Consequently, an emerging strategy that involves the synergistic utilization of scaling and root planning (SRP) with the integration of local drug delivery systems (LDDSs) or sustained-release drug delivery techniques (67). Notably, research has demonstrated that patients receiving adjunctive treatment of scaling and root planning utilizing minocycline hydrochloride microspheres displayed a notable reduction in both counts of periodontal pathogens and levels of periodontal attachment loss, surpassing the outcomes observed in the control group (68). Nanocarriers offer advantages in enhancing drug solubility and dissolution rate, improving oral bioavailability, and reducing side effects and dosing frequency (69), and they may have a potential role in improving cognitive function in AD (70). The research findings by Kashi et al. indicate that the use of nanocarriers to load minocycline can reduce the minimum inhibitory concentration (MIC) and minimum bactericidal concentration (MBC) by half, compared to using minocycline alone, thereby reducing the required drug dosage (71). Animal studies have demonstrated that minocycline loaded into polymer nanoparticles can alleviate neuroinflammation in mice with spinal cord injury (72).
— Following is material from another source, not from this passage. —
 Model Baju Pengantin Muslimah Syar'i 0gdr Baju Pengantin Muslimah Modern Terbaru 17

Combining local drug delivery systems and nanocarrier technologies to use antibiotics for treating AD symptoms may be a potentially effective therapeutic approach. The application of these new technologies holds the potential to enhance treatment efficacy and minimize the side effects and resistance issues associated with antibiotics. Nevertheless, more scientific evidence is needed to support this perspective.
3.2.3 Probiotics
Probiotics, as defined by the World Health Organization (2012), pertain to “viable microorganisms that, when administered in appropriate quantities, confer health benefits to the host” (73). Notably, in 2012, Sugano introduced the concept of “biofilm control,” which encompasses the utilization of probiotics and vaccines to eradicate pathogenic bacteria (74). As a result, probiotic adjunctive therapy has emerged as a prospective method to prevent or treat intestinal dysbiosis and optimize the therapeutic effects of AD medication by modulating the gut-brain axis (75, 76).
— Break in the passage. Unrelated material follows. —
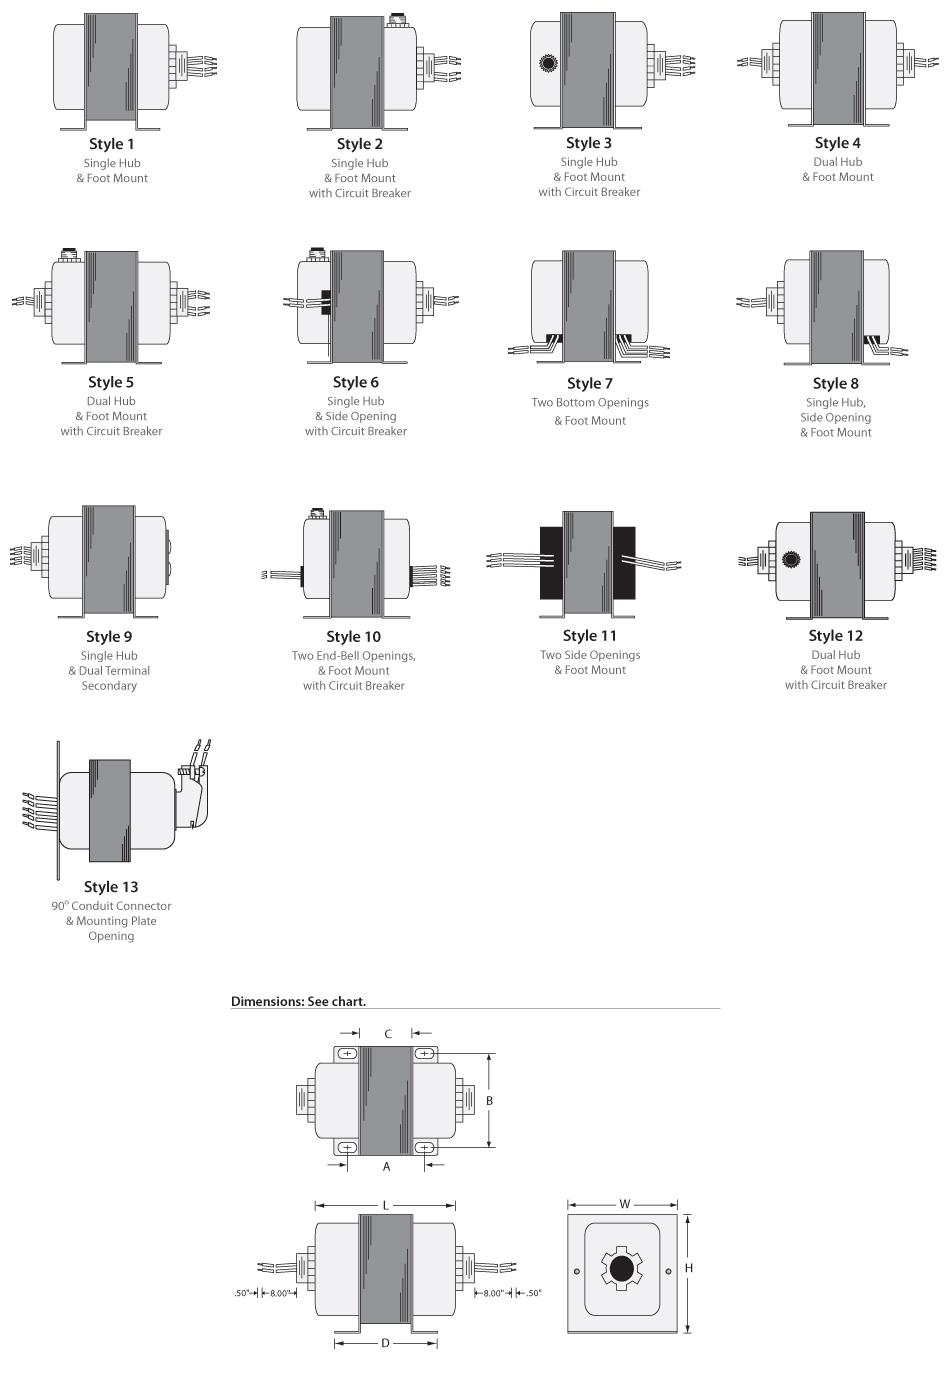 lionel type r wiring diagram

Of note, these probiotic species are also important members of the oral-gut-brain axis, playing critical roles in the intricate ecosystem of human microbiota. The Lactobacillaceae and Bifidobacteriaceae families have gained prominence as extensively investigated probiotic species within the realms of dentistry and medicine. These microbial families assume critical roles as integral constituents of the human oral, gastrointestinal, and urogenital microbiota (77). Additionally, select strains of Lactobacillus and Bifidobacterium have exhibited the ability to modulate brain function through epigenetic regulatory mechanisms (78), which could potentially lead to the attenuation of inflammatory processes. Particularly noteworthy is the Lactobacillus casei strain ML2018, which has demonstrated the potential to counteract the pro-inflammatory effects of lipopolysaccharides and mitigate the release of cytotoxic molecules, including nitric oxide (79). Intriguingly, animal models have revealed that oral probiotic administration might have the potential to restore glucose homeostasis in mouse models of AD by potentially exerting influences upon the intricate ecosystem of the gut microbiota (80) and potentially modulate the microbiota-gut-brain axis and improve memory (81). Clinical trials have demonstrated that supplementation with probiotics can promote psychological flexibility and reduce stress in healthy older adults by modulating the gut microbiota, and may improve cognitive function and mood (82).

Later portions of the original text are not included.